» RECORDED INFORMATION:
************

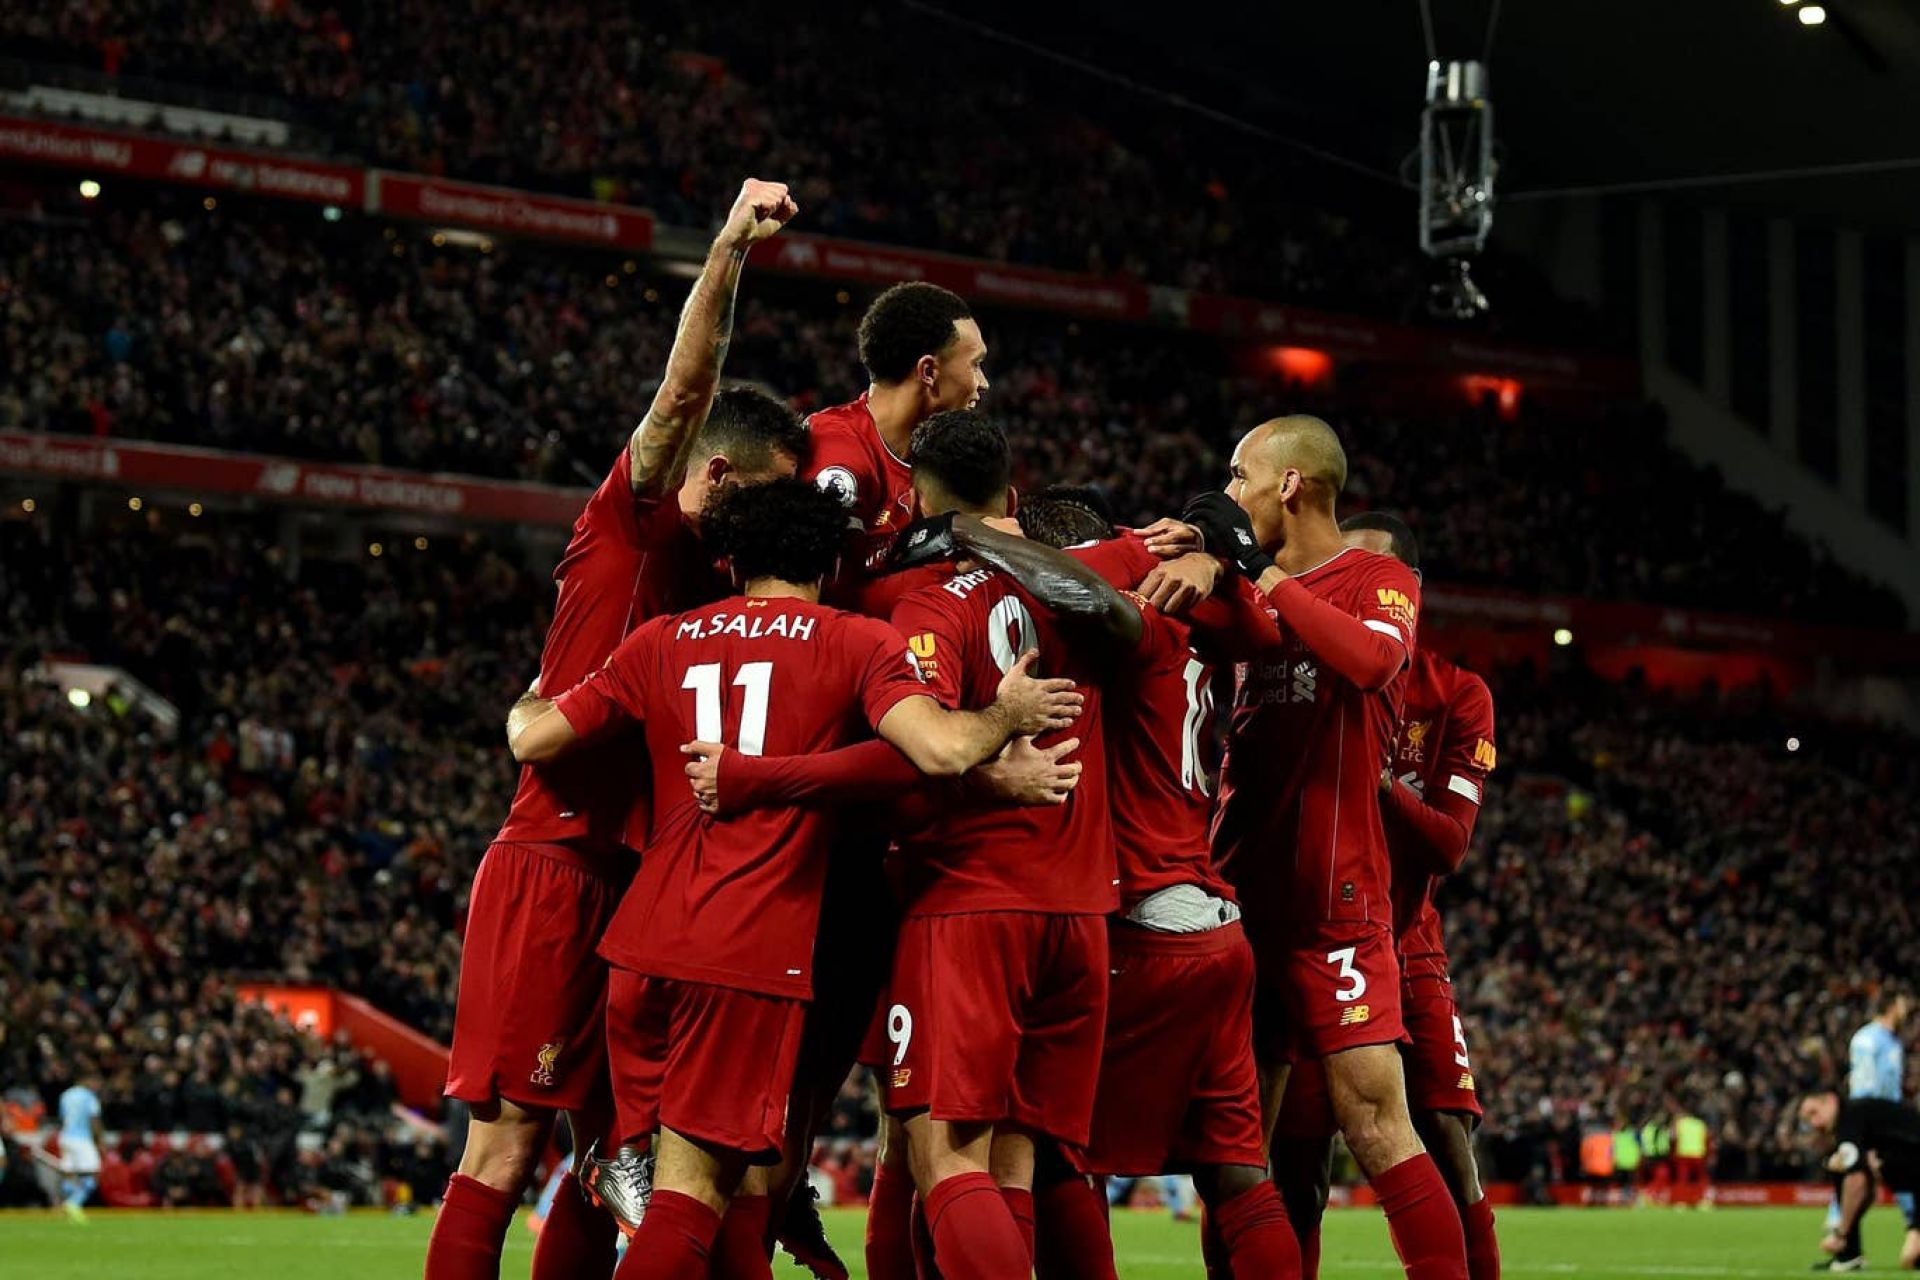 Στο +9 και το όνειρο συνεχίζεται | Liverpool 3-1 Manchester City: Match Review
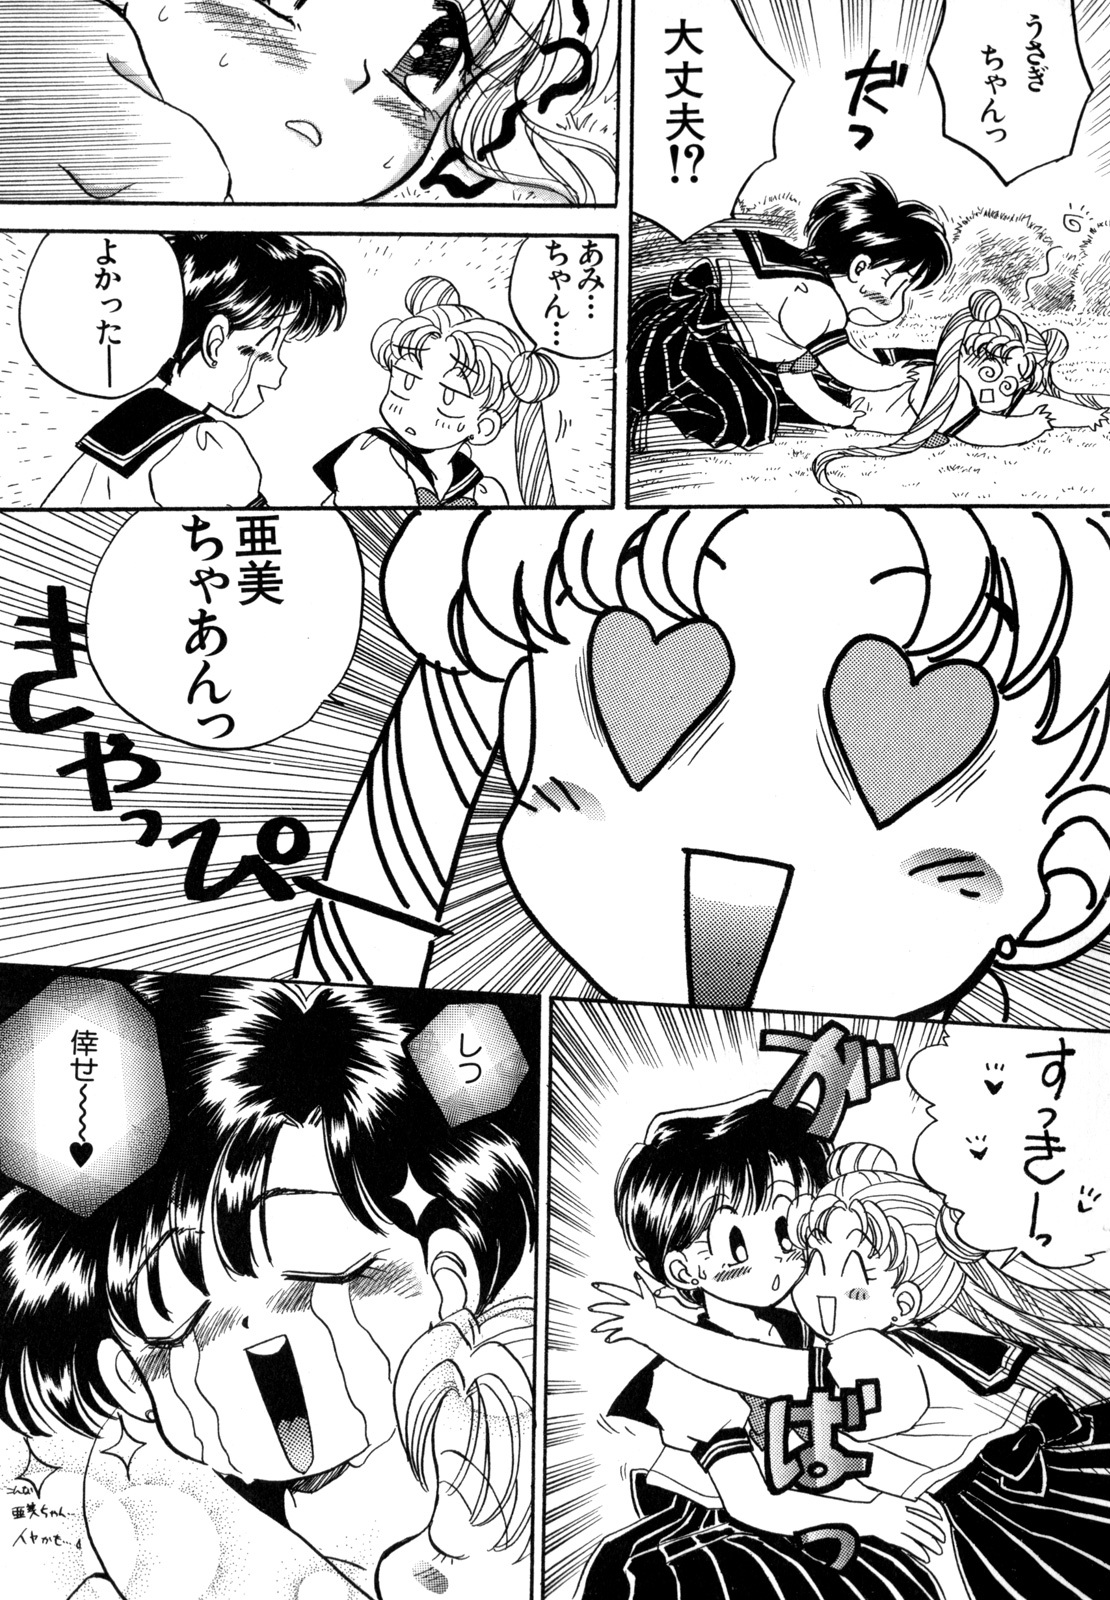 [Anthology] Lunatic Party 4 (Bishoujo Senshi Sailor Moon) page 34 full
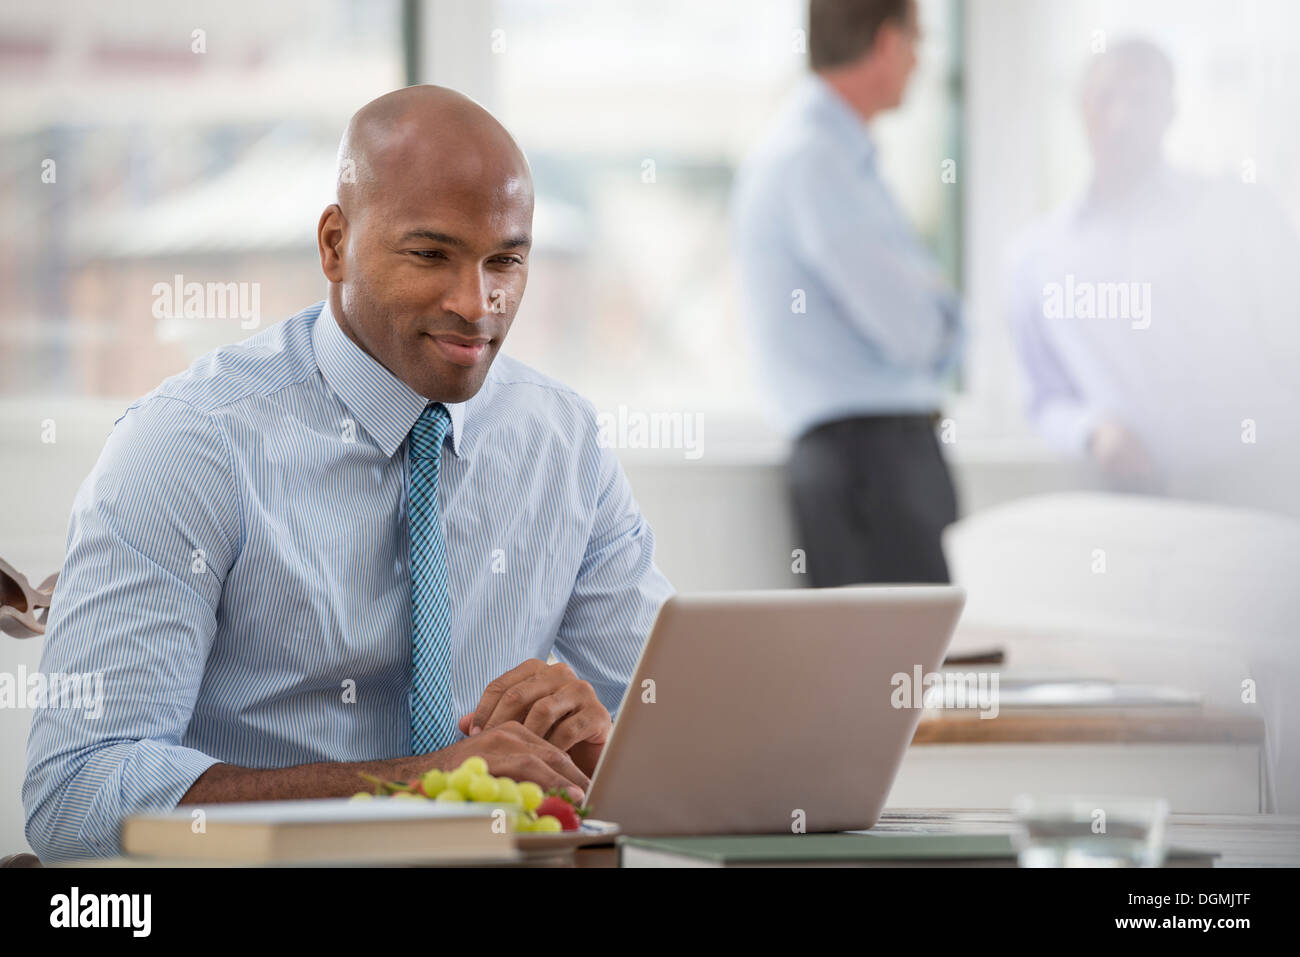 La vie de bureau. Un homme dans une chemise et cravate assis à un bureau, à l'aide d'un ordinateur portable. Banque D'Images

************

» ACTIVITY: The data above needs to be retyped exactly, with the images left out.

» WRITTEN ANSWER:
 Στο +9 και το όνειρο συνεχίζεται | Liverpool 3-1 Manchester City: Match Review
 [Anthology] Lunatic Party 4 (Bishoujo Senshi Sailor Moon) page 34 full
 La vie de bureau. Un homme dans une chemise et cravate assis à un bureau, à l'aide d'un ordinateur portable. Banque D'Images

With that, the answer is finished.